Choose one sound that dies. Don’t be working on 5 different sounds in the same session. If your kick drum isn’t consistent, work only on the kick. If your snare is airy and soft, work only on the snare. Start by attempting to make the sound 10 times, with no rhythm. Pay attention to see if it sounds consistently the same each time. A big temptation here is to keep changing your mouth shape each time, almost like you’re “looking around” for a better sound. This makes things way harder. Instead, pick a mouth shape and stick with it for a few reps. Tweaking is okay, but wildly random changes are a bad idea.

If a sound dies, simplify the movement. Let’s say your hi hat sound gets all muddy when you make it right after your snare drum. Instead of practicing a whole beat, focus only on the transition between the two sounds. Make the snare drum, pause, and then make the hi hat sound. Repeat those two sounds until the movement starts to feel a little less awkward. Then, shorten the pause. This is because beatboxing isn’t just about sounds, but about the movement between sounds. When you’re starting out, you’re only practicing sounds, and ignoring the transitions. Smooth transitions are what make a rhythm feel locked in, rather than a series of sounds awkwardly stitched together.

Sometimes, 5 minutes of focused practice will be more valuable than 30 minutes of unfocused practice. Spend 5 minutes making the dying sound by itself, at low volume, focusing on the shape and consistency of the sound. Spend another 5 minutes making it right after another sound that commonly causes it to die. Spend the final 5 minutes putting it in a tiny rhythm, and repeating that rhythm slowly. If you start to feel the sound dying, stop, before it devolves into mindless repetition. Take a few seconds to relax your lips or jaw, and then start again, intentionally. Beatboxing rewards intentional repetition, but mindless repetition teaches your mouth to repeat the mistakes.

When you’re working on a sound, using a recorder can be a great tool, not so much as a gauge of how good you sound, but as a diagnostic tool. A sound might feel sharp as you practice, but sound faint when you play it back. A sound might feel weak as you practice, but sound mostly fine when you play it back, and really just needs some work on timing. Play back 10 seconds, and see if the sound is too late, too airy, too long, or getting lost between louder sounds. Then you’ll know what to fix next time. If the kick drum feels too weak, focus on getting a more muted release. If the snare drum feels too long, shorten the length of the soundburst. Directed listening leads to directed fixes.
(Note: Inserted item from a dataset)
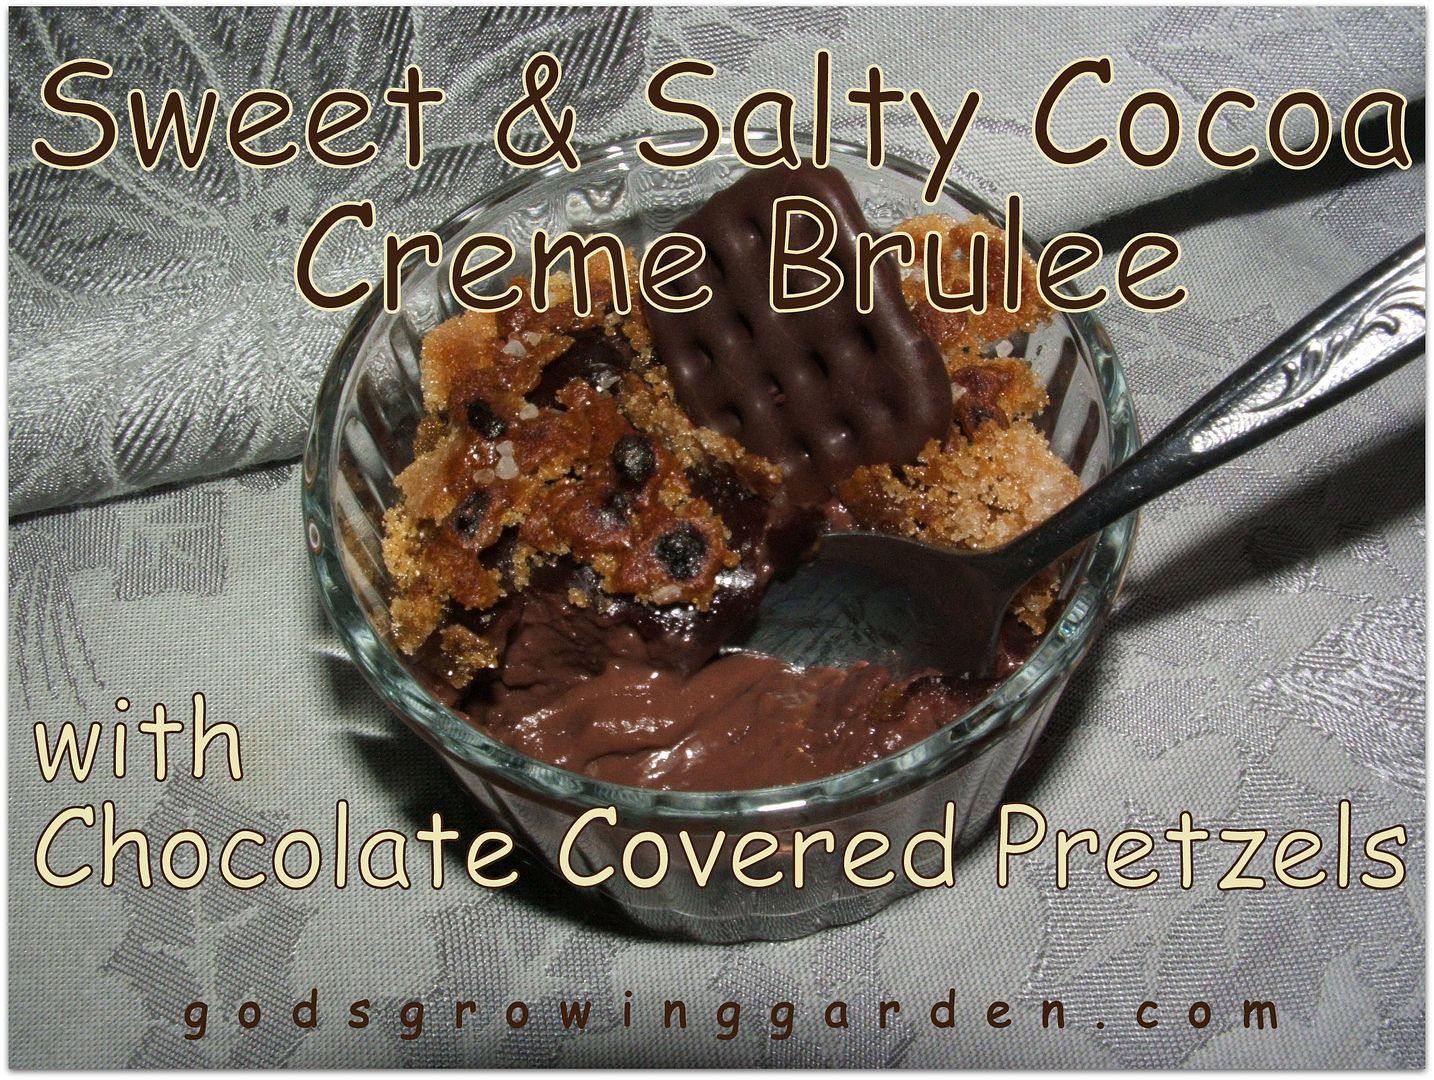 Sweet & Salty Cocoa Creme Brulee by Angie Ouellette-Tower for godsgrowinggarden.com photo 014_zps446112bd.jpg
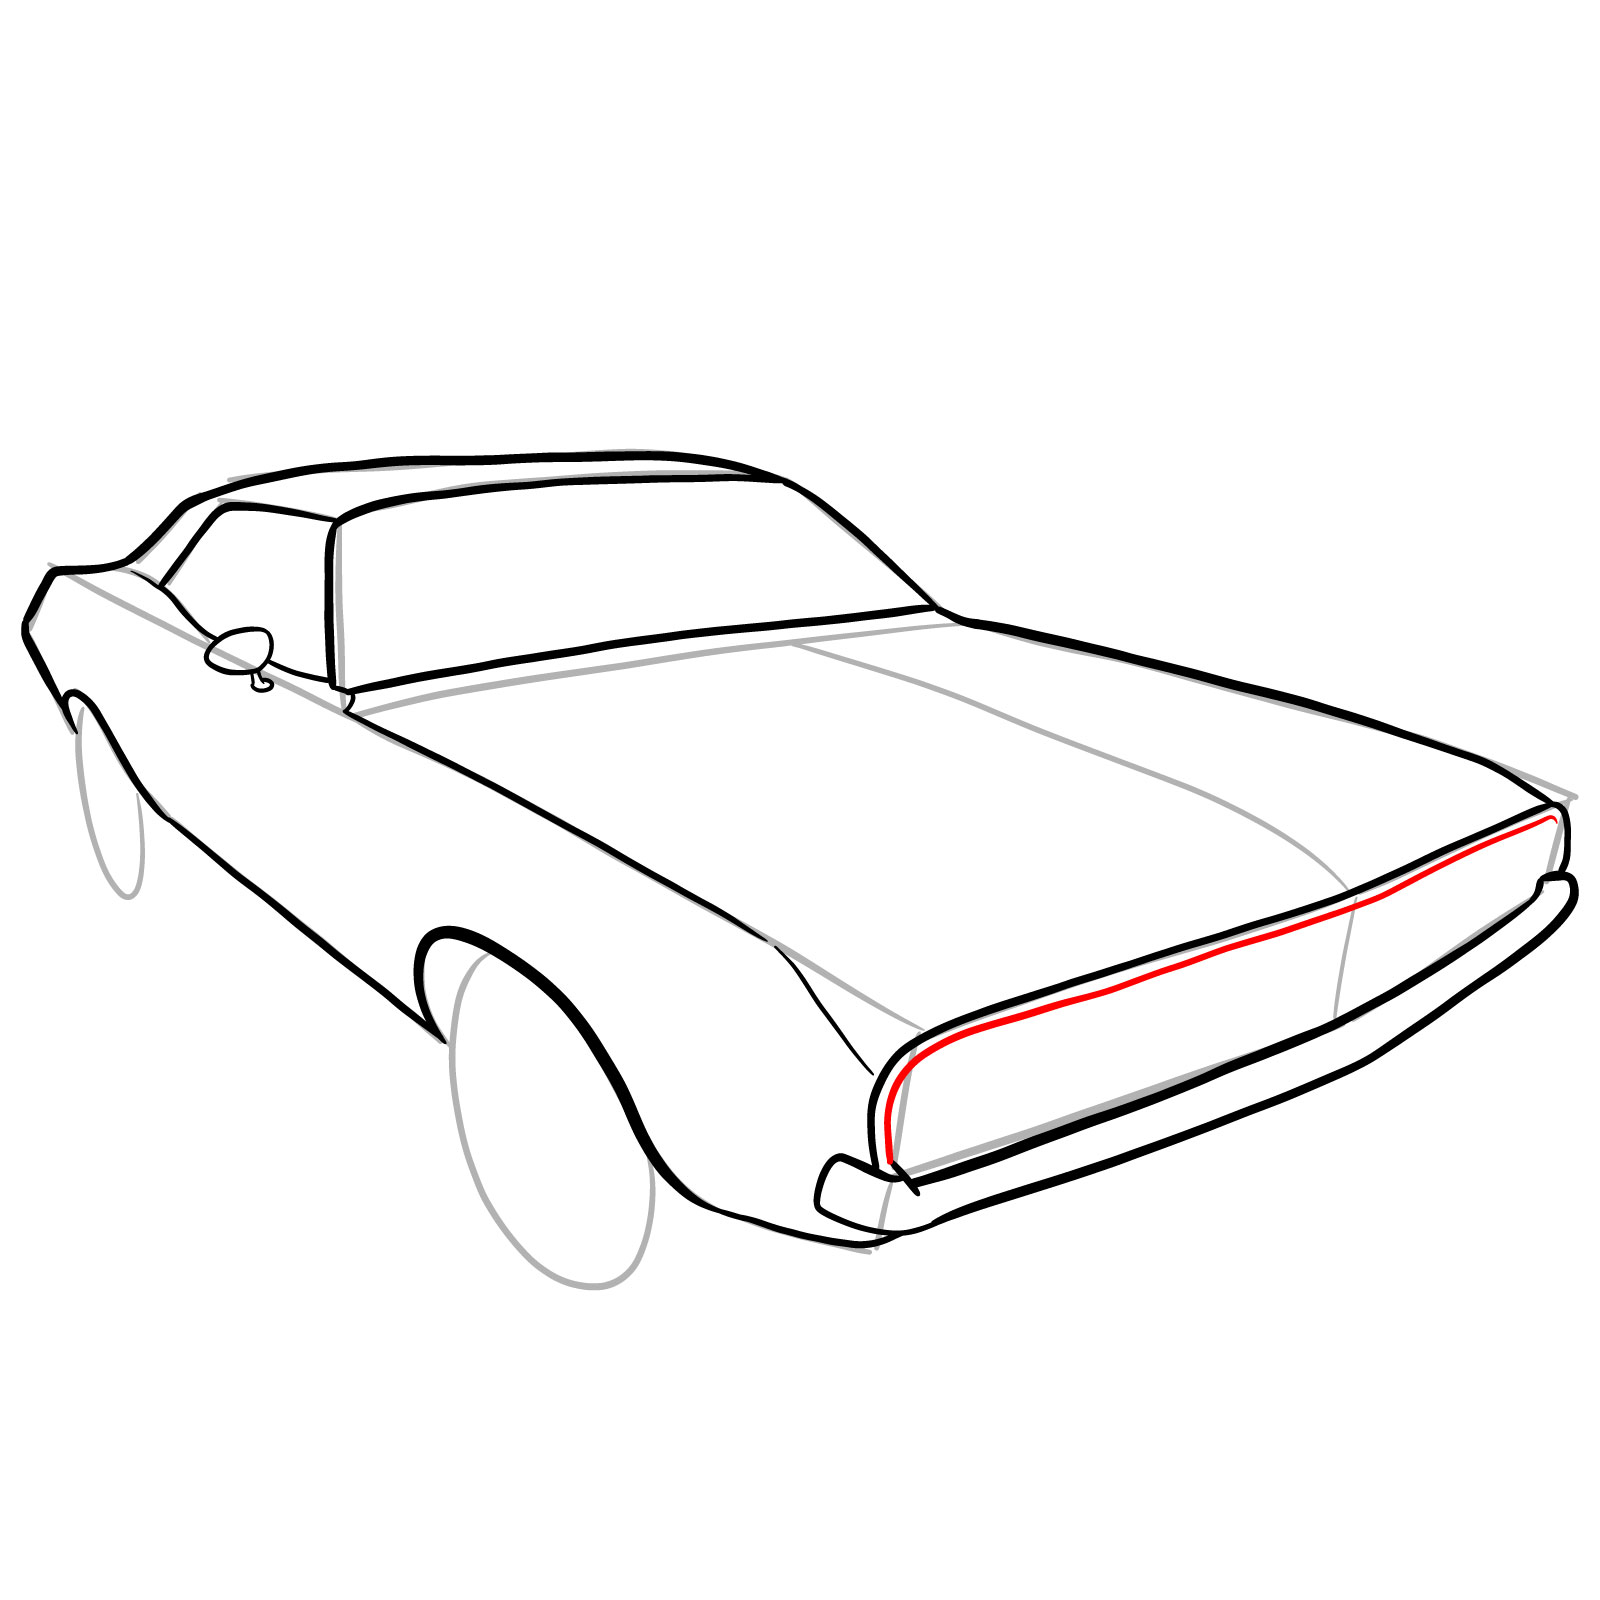 How to draw Dodge Challenger 1970 - step 17

Improvement on a problem sound will often come quietly. At some point, it will stop feeling random. Then it will start feeling like it’s mostly on time. Then it will start surviving inside a rhythm. This is when you should exercise patience and not excitement. Keep using the sound inside small, simple rhythms until it starts to feel reliable. A rhythm doesn’t feel solid because all the sounds are advanced. It feels solid because all the sounds can function without dying when it’s time to add rhythm.